I’ve read as much documentation as I can find:

Espressif 8266 — PlatformIO v6.1 documentation

Filesystem — ESP8266 Arduino Core 3.1.2-21-ga348833 documentation (

And a couple of threads here, the most useful being this one:

ESP8266 OTA & Partition Tables - Development Platforms - PlatformIO Community

But nowhere in any of these can I see the OTA size being explicitly called out. The flash layout page notes that the OTA area immediately follows the program (sketch) section, but I can’t see a way in the ldscripts to do exactly what I want.

I’m on a 1m device, and I’d like to partition Flash as follows:

Sketch: 556K
OTA: 444K
Spiffs (filesystem) 4K
rfcal: 4K
WiFi 12K

My reason for making the OTA smaller than the flash is because I am using gzip to compress the .bin file before upload, and I typically see a reduction to between 75% and 70% of the original .bin filesize. Therefore setting the OTA size to a little over 80% the Sketch size seems like the optimal solution.

However none of the ldscripts I’ve studied over at Arduino/tools/sdk/ld at master · esp8266/Arduino (
make any mention of explicitly setting the OTA size.

The thread above mentions an OTA size of 470K, but the only guess I can come up with is that the sketch memory is simply split 50/50 between actual storage for the sketch and OTA storage. In the absence of gzip, this decision makes sense, but since the Arduino core bootloader provides gzip support, it seems like it would be a good idea to use it.

Is it possible to do what I want, and if so how?

It’s been a few years since I worked with an ESP 1M.

As far as I understand it: The ESP8266 does not have an OTA partition!
OTA Updates are written at the end of the Sketch partition.

This is also illustrated here:

^              ^       ^               ^     ^
Sketch    OTA update   File system   EEPROM  WiFi config (SDK)

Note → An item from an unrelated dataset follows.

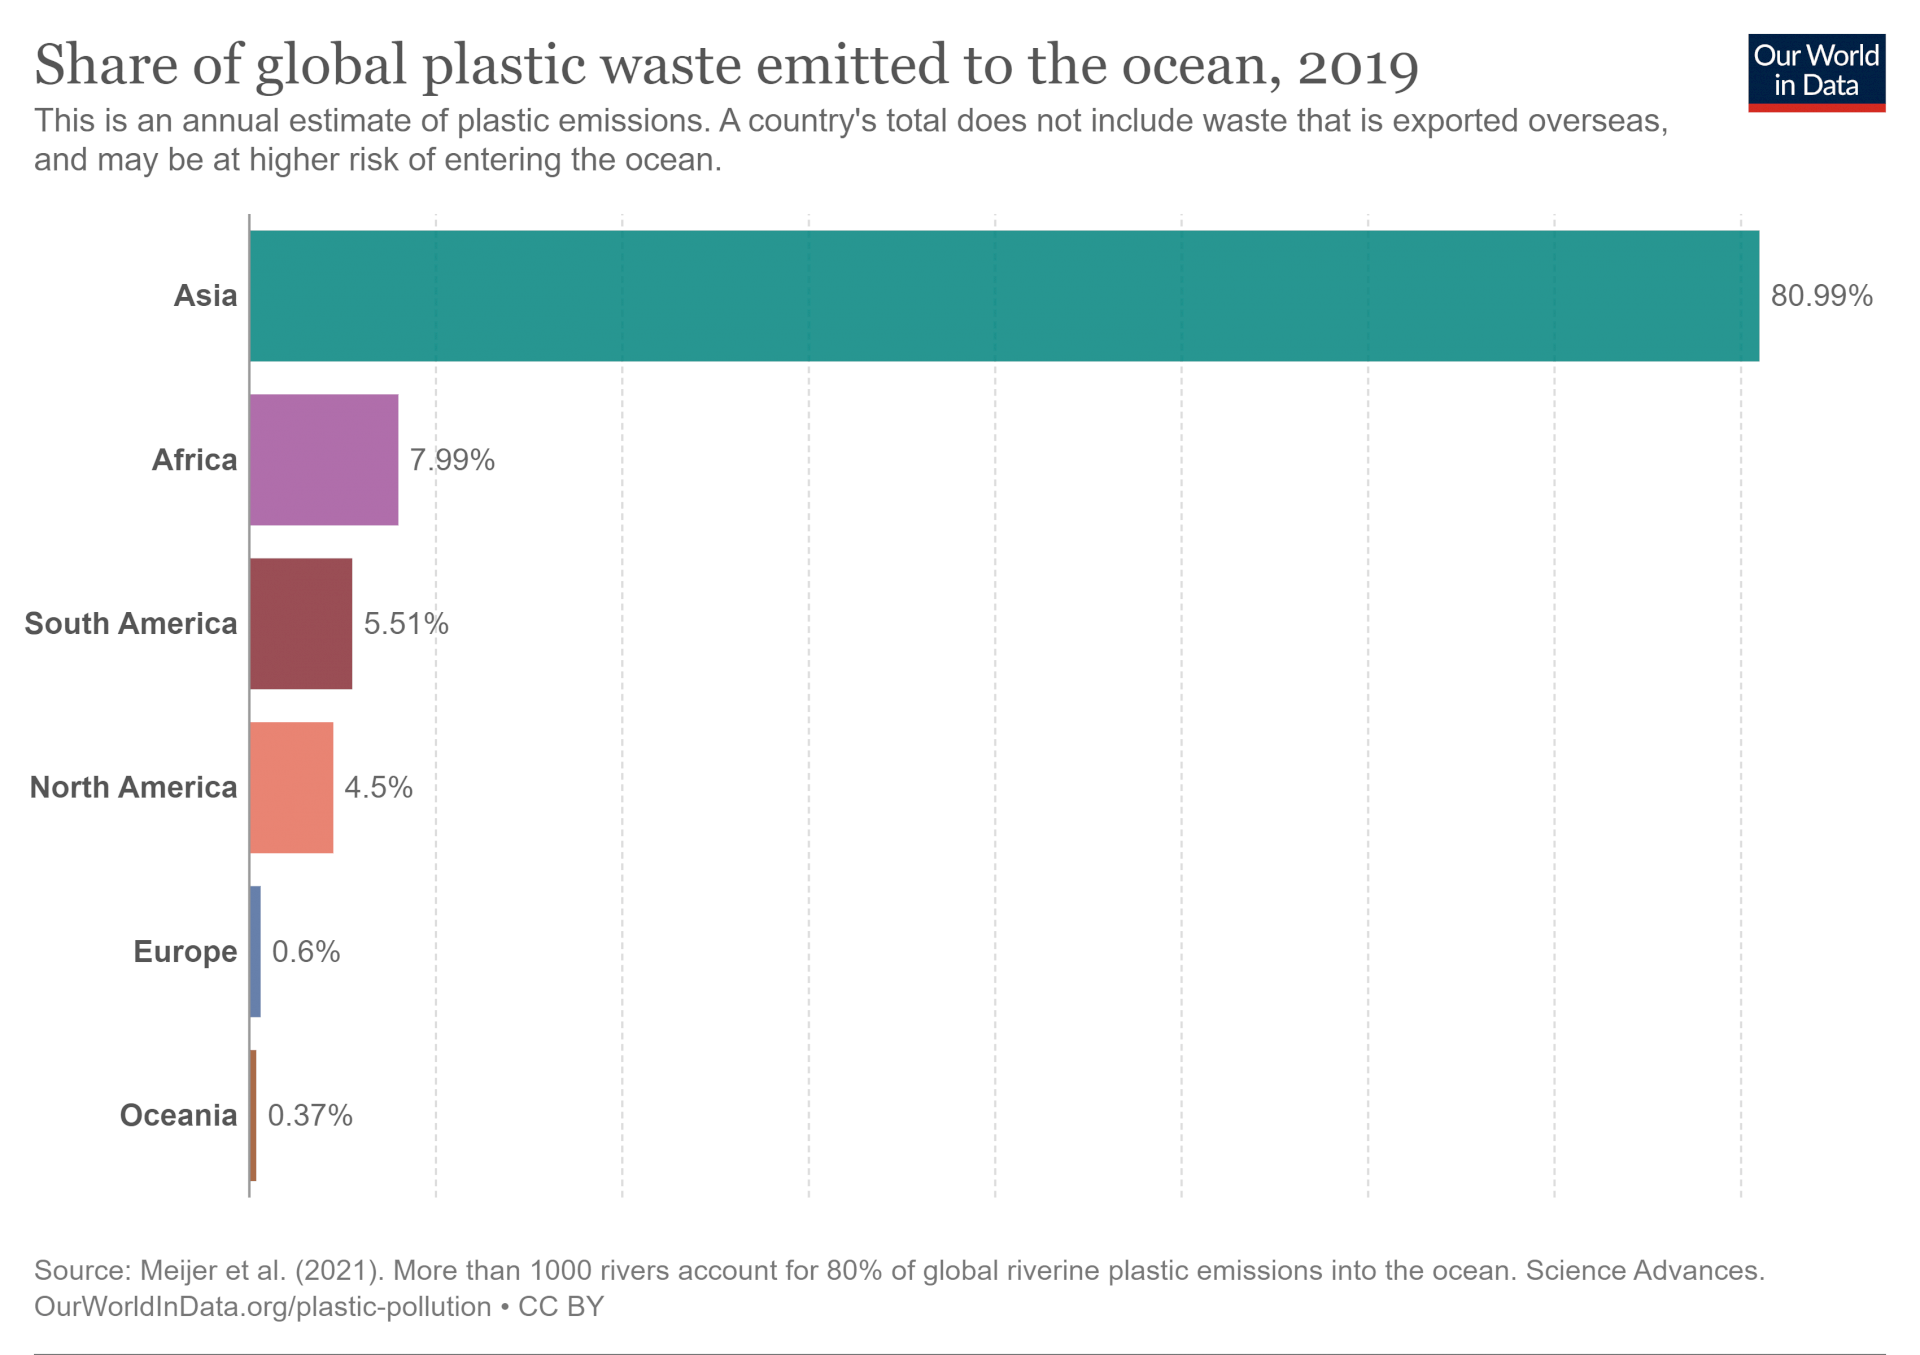 Disproportionate Percentage of Global Plastic Waste Emitted Into the Ocean by Asia

The OTA sketch is first written to the end of the sketch partition. If this was successful, the OTA sketch is copied to the beginning of the partition.

For this reason, the sketch partition must be twice as large as the actual sketch itself.

Therefore your approach (GZIP upload) will not work.

I had a similar problem back then and solved it with two OTA sketches.

  • The production sketch (larger than half of the partition, not able to load a full new OTA image)
  • A minimal OTA sketch which only contains OTA code and waits for an OTA upload.

The OTA sketch was very small and therefore still fit into the partition of the normal sketch.

The procedure was to upload the minimal OTA sketch first and then the production sketch.
This worked perfectly.

That’s interesting. I’d read this section regarding compression of the OTA bin file (actually bin.gz):
OTA Updates — ESP8266 Arduino Core 3.1.2-21-ga348833 documentation (
and the impression I got was that the eboot loader does gzip decompression on the fly as it’s reading the OTA image and writing it to the flash. If this is true, the total sketch space only needs to be the sum of the decompressed sketch size and the compressed “OTA size”.

I’ve posted asking about this on the Arduino Forums. They’re the people that wrote the OTA library I’m using, and the documentation I’m referring to, so I figure they ought to know.

If if does turn out that compressing the OTA doesn’t reduce the flash requirement, then your “two-step” approach is definitely a good trick to remember if my sketch does get too large.

Oh, that’s interesting.

My experience with the ESP8266 was a few years ago and I didn’t bother with the eBootloader and compression.

Hi sivar2311,
Neat trick, splitting the OTA and production images.
How would your system recover from OTA image update ‘killing’ the previous OTA image? How would you have updated/recovered after that?

You must always perform two OTA updates.

  1. minimal OTA sketch
  2. production sketch

The production sketch must of course also have OTA implemented.

The production sketch must of course also have OTA implemented.

That makes sense, I suppose.

Depending on the size of an actual ‘production’ image, however - it might at some point make also sense to have two partitions for the classical A-B update and switching between them (since we already have 2x OTA image).

How small was actualy the OTA image in your case (comparing to your typical production image)? It should have had an HTTP client and some TLS at least, right? In that case - certificates somewhere too?

Sorry, if the question is too self explanatory. I have unfortunately never worked with ESP OTA/Arduino OTA sketch myself.

I can’t remember. It was a few years ago.

All I can recommend today: switch to an ESP32.
The ESP8266 is discontinued and the ESP32 has all you need and more RAM / Flash and of course power. It also support a factory app beside the ota1 and ota2 sketch.